What you are asked to do:
Only the lines from the start of the entries up to and including the line with "Mariko-Takashi-Cover-1-1-2ndEd-frontcoveronly.jpg" should be written out, exactly as they stand.

╭──

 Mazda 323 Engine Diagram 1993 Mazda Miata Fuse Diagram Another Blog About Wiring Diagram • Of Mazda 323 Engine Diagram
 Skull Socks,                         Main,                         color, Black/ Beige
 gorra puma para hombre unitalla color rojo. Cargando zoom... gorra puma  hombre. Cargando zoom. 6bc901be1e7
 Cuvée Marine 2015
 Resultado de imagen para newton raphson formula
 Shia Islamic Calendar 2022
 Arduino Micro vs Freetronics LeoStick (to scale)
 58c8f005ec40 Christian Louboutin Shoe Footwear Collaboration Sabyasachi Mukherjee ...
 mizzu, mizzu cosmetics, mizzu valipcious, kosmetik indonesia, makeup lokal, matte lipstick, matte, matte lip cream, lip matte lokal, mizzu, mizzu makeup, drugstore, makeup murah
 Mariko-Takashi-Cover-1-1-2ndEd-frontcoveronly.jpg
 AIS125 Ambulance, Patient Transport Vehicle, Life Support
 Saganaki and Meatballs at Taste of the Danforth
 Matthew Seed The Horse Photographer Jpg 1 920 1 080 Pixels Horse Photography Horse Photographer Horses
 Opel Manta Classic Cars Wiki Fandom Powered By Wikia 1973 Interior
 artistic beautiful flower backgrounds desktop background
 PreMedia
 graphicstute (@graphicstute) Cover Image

╰──

The answer:
 Mazda 323 Engine Diagram 1993 Mazda Miata Fuse Diagram Another Blog About Wiring Diagram • Of Mazda 323 Engine Diagram
 Skull Socks,                         Main,                         color, Black/ Beige
 gorra puma para hombre unitalla color rojo. Cargando zoom... gorra puma  hombre. Cargando zoom. 6bc901be1e7
 Cuvée Marine 2015
 Resultado de imagen para newton raphson formula
 Shia Islamic Calendar 2022
 Arduino Micro vs Freetronics LeoStick (to scale)
 58c8f005ec40 Christian Louboutin Shoe Footwear Collaboration Sabyasachi Mukherjee ...
 mizzu, mizzu cosmetics, mizzu valipcious, kosmetik indonesia, makeup lokal, matte lipstick, matte, matte lip cream, lip matte lokal, mizzu, mizzu makeup, drugstore, makeup murah
 Mariko-Takashi-Cover-1-1-2ndEd-frontcoveronly.jpg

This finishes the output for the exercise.